The specific problem I took on was running an hourly web scrape of the FAA’s active TFR list. The R and Shell code I run to execute these scrapes is available in a Github repo.
The hosting solution I found was using Amazon Web Service’s Elastic Cloud Computing (EC2) service. Under the AWS free tier, I can run an EC2 Linux instance configured to run the web scrapes in R each hour and kick the output data to an AWS S3 bucket. All this is can be done for free, or at very minimal cost.
If you have not set up an AWS account, you can create one and be eligible to take advantage of the AWS free tier for 12 months!
The rest of this post outlines the process of setting up the EC2 instance with R and the dependencies you will need to run the code in my tfr-data Github repo, or a web scraper of your own!
Create an AWS Cloud Computing (EC2) Instance
In AWS EC2 console interface, you will walk through creating an EC2 instance. Here are my notes, numbered in correspondence with the steps of the interface.
- Amazon Linux, free tier eligible. I think there’s no right answer, but R is very easy to install and configure in Linux. If you have any experience with Linux or Mac OS Terminal, then you’ll feel at home in this setup.
- The
t2.microinstance is the only one that is free-tier eligible.

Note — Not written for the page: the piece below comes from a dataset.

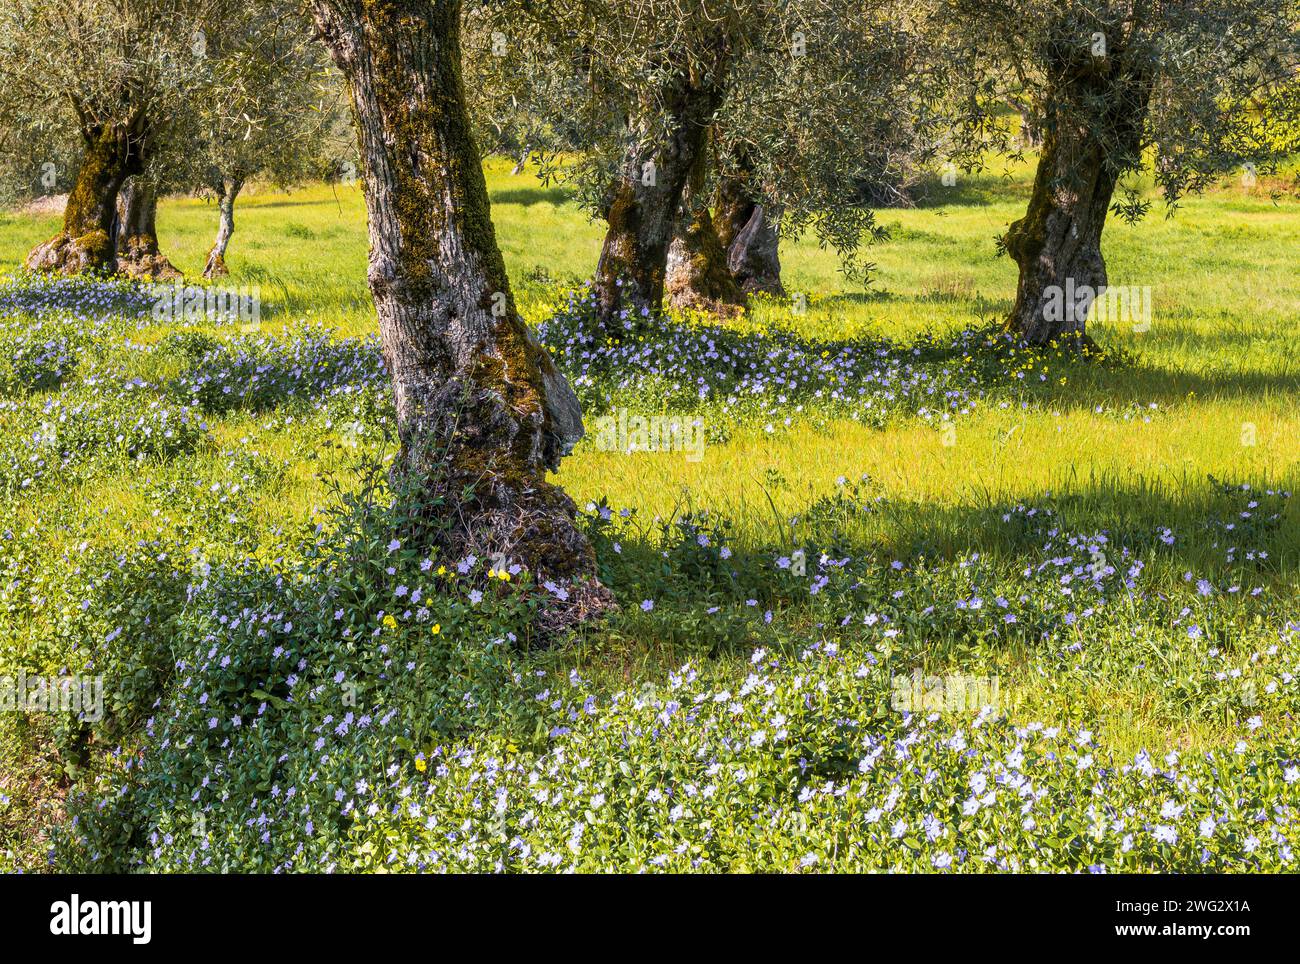 Wildflowers growing around the trees in an olive grove in Central Portugal Stock Photo
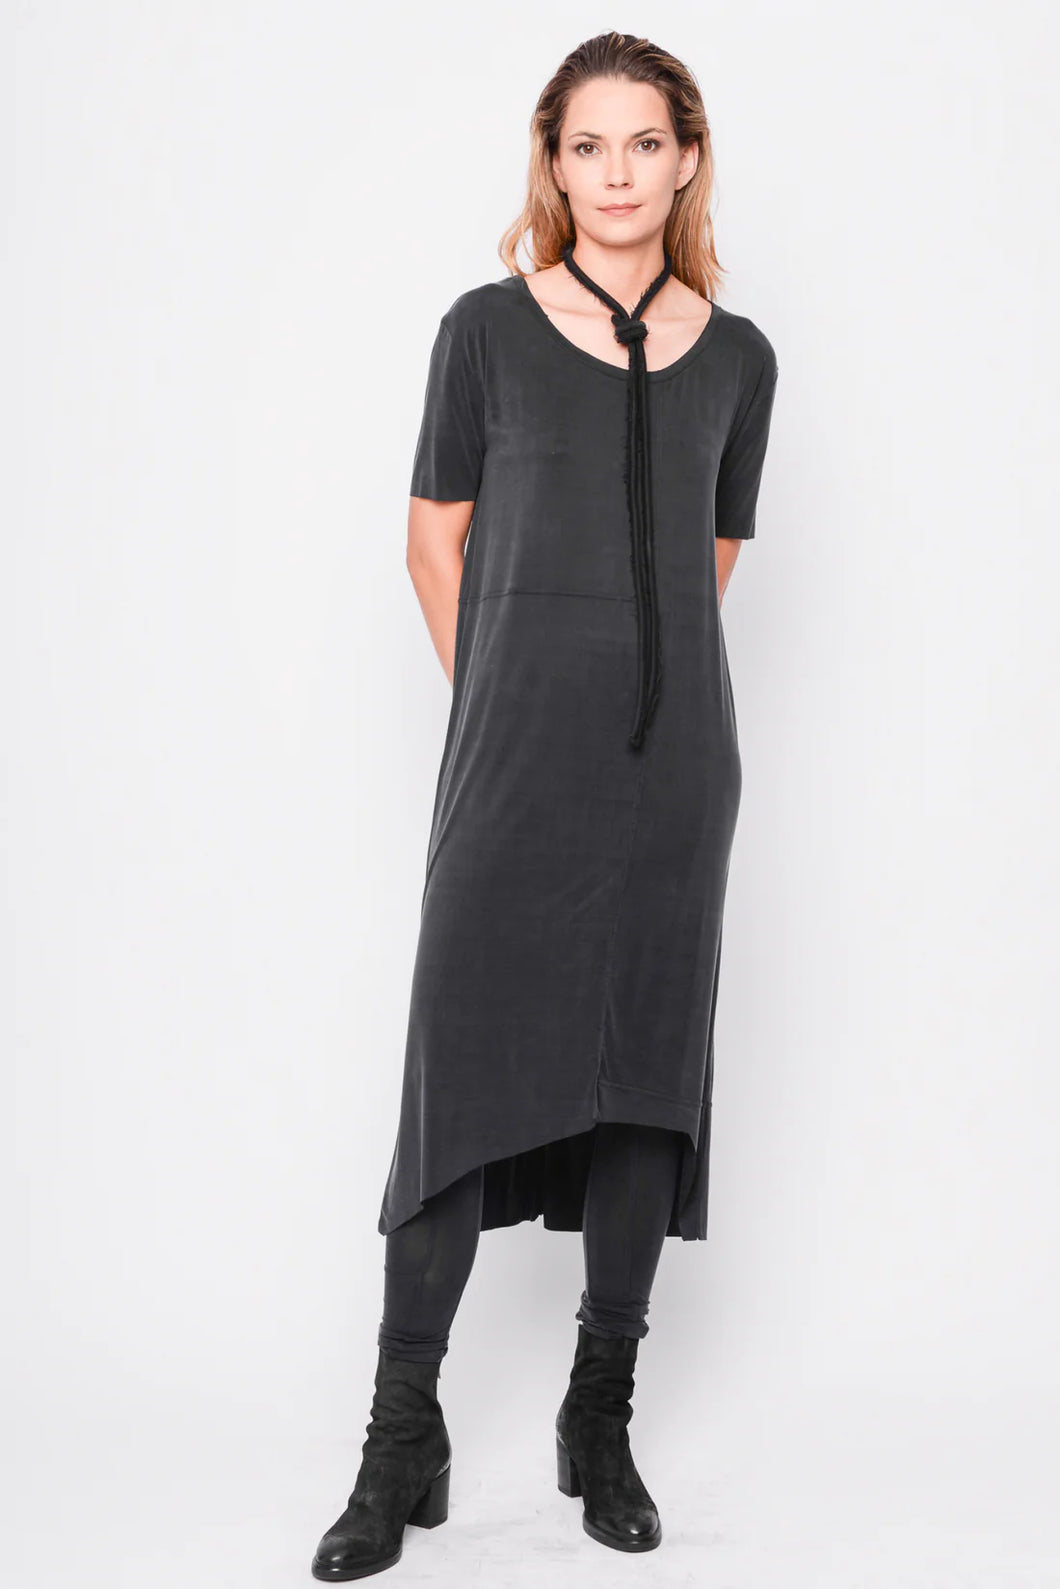 Black by K&M Tunic it Must have been Love

Unless you’re running a scrape that will be processing gigabytes upon gigabytes of data, this should be adequate. - Select IAM role. This will be necessary if you wish to set up a user that can read and write your data output to an S3 bucket. If you do wish to integrate S3 (recommended), please skip down to the S3 setup section below to set this up right.
- There’s probably no need to add more storage to your instance, and I’m not sure how any changes will affect your free-tier eligibility.
- Create tags as you see fit.
- The security group controls the traffic that can navigate to your EC2 instance, which I expand on directly below.
Security Group
These settings will vary greatly across users, depending on if they are hosting a web application, or using a Linux instance to compile data like I have. This AWS blog post discusses using RStudio and Shiny to create data visualizations that are accessible via web browser, so thats good reference for setting up your security group if you wish to go that route.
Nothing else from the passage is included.